There are two primary theories proposed:
External attack Theory: As there is a lack of alpha-1-antitrypsin in the blood, the liver is subject to attacks by neutrophil elastase, other destructive enzymes, or bacteria.

Internal attack Theory - Alpha-1 antitrypsin is produced normally, however is not secreted in circulation. The alpha-1 antitrypsin that accumulates in the liver cell membrane may cause the destruction of the liver. This theory is the most widely accepted theory. Around 10% of alpha-1 antitrypsin deficient infants develop cirrhosis in childhood. Of the remainder, about 10% develop cirrhosis later. Cirrhosis is commonest in the PiZZ phenotype and is almost not seen in the Pi Null phenotype.

Presentation

In infancy, it presents as cholestasis. In some patients, the cholestasis is so severe that biliary atresia is suspected. In others, features suggestive of DIC and septicemia may be seen. The cholestatic phase is usually of a few months duration; later the clinical picture is dominated by progressive cirrhosis. In a large number of PiZZ infants, there may be moderate hepatomegaly, with a temporary increase in liver enzymes and slightly conjugated hyperbilirubinemia. On biopsy of the liver, PAS+ globules are a constant feature. A correlation between the subsequent clinical course and histologic features of the liver tissue during the initial cholestatic stage can be established:-

  • When fibrosis is slight: all clinical manifestations disappear

  • When fibrosis is extensive - cirrhosis with portal hypertension develops early. With cirrhosis, the liver function decreases, the lobes become fibrosed and there is fat accumulation. This leads to decreased vitamin absorption, decreased bilirubin and hormonal metabolism, and decreased synthesis of albumin and other proteins.
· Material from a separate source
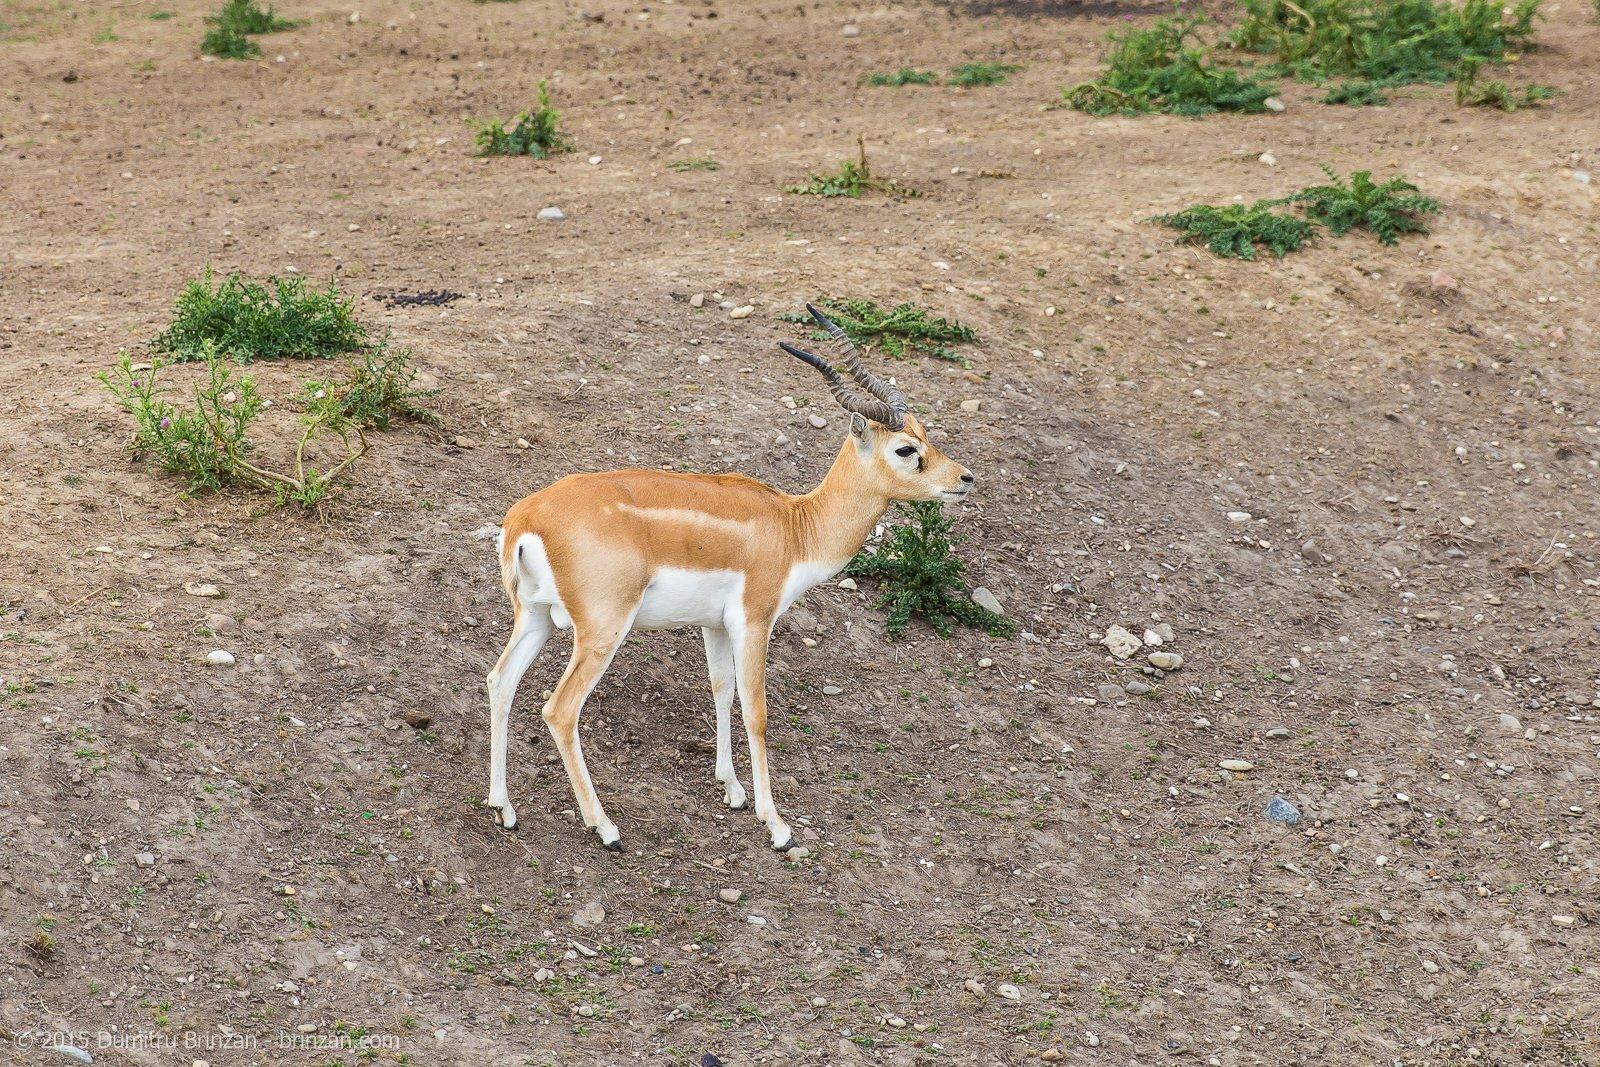 zoo-oradea-romania-2015-4
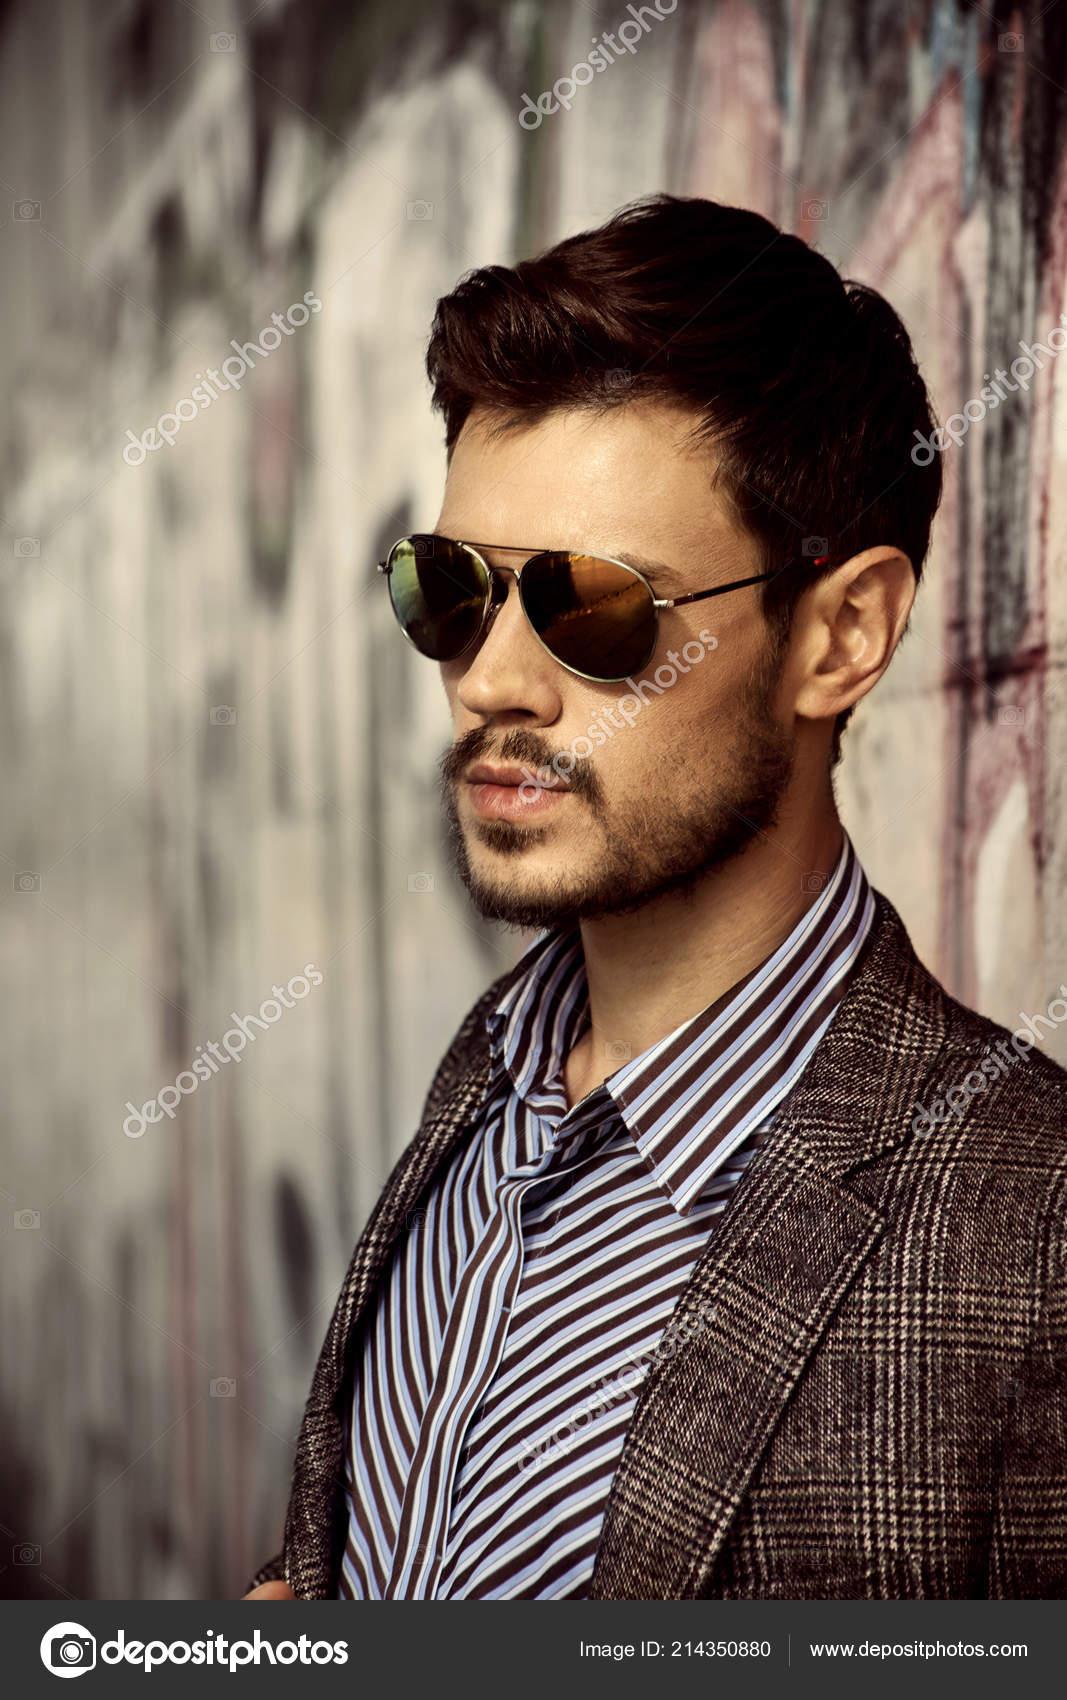 29a3720b4 Homem Estiloso Óculos Sol Elegante Casaco Posando Parede Grafite —  Fotografia de Stock

In adults, the main clinical feature is emphysema. Alpha-1 emphysema is also called genetic emphysema and usually causes symptoms in patients when they are in their 30's or 40's. The initial symptom is breathlessness and later leads to chest deformity. Emphysema caused by alpha-1 antitrypsin deficiency is a progressive disease. The lower regions of the lungs are affected first, whereas, in smokers, the damage first occurs in the upper portion of the lungs. In due course, the lungs become hyperinflated due to air trapping causing destruction of the lung tissue, and flattening of the diaphragm occurs due to hyperinflation. Many patients may suffer from chronic bronchitis causing a chronic cough. Asthma is also fairly common. It is characterized by wheezing, cough & shortness of breath. Panniculitis is an inflammation of subcutaneous fat causing the formation of lumps and lesions. It may occur in both children as well as adults.

Diagnosis

Most patients with alpha-1 antitrypsin deficiency have shortness of breath, chronic cough, and abnormal liver function tests. Based on the above findings, if there is suspicion of alpha-1-antitrypsin deficiency, then its presence can be detected by serum protein electrophoresis. Since alpha-1 antitrypsin is the predominant glycoprotein responsible for the 1 globulin band on routine protein electrophoresis, that band is absent in its deficiency. Serum protein electrophoresis is also recommended in relatives of a patient with diagnosed alpha-1 antitrypsin deficiency or if there is a family history of early emphysema especially in non-smokers. The protease inhibitor (Pi) phenotyping system classifies the variants by letters in the alphabet. The slowest moving glycoprotein is labeled Piz, while faster-moving protein complexes can be identified by earlier letters in the alphabet. Patients with alpha-l-antitrypsin levels of 11 um/L (80 mg%) or less are at increased risk of emphysema. Individuals diagnosed as alpha-1 antitrypsin deficient should undergo pulmonary function tests, blood gas analysis, chest X-Ray, electrocardiogram, and graded exercise test. In the case of cirrhosis, a liver biopsy is indicated.

Treatment

At present, the only treatment for these patients is replacement therapy with Human alpha-1 antitrypsin, which is derived from pooled human blood plasma. Replacement therapy is given as IV infusion and is recommended every weekly. It is given in the dose of 60 mg/kg. It is indicated in persons with PiZZ, Piz(Null), or Pi(Null)(Null) and those who have early evidence of panacinar emphysema. Patients should be vaccinated with Hepatitis B and Hepatitis A vaccine preferably before starting therapy. In patients with emphysema, anti-inflammatory steroids and bronchodilators are the treatment of choice. Oxygen therapy may be required in patients' with:

  • Resting PaO2 <55 m Hg or O2 saturation <85%

  • Cor pulmonale.

  • Resting PaO2 >55 mHg or O2 saturation >85% who desaturate to PO2 <55 mHg or O2 saturation <85% with exercise.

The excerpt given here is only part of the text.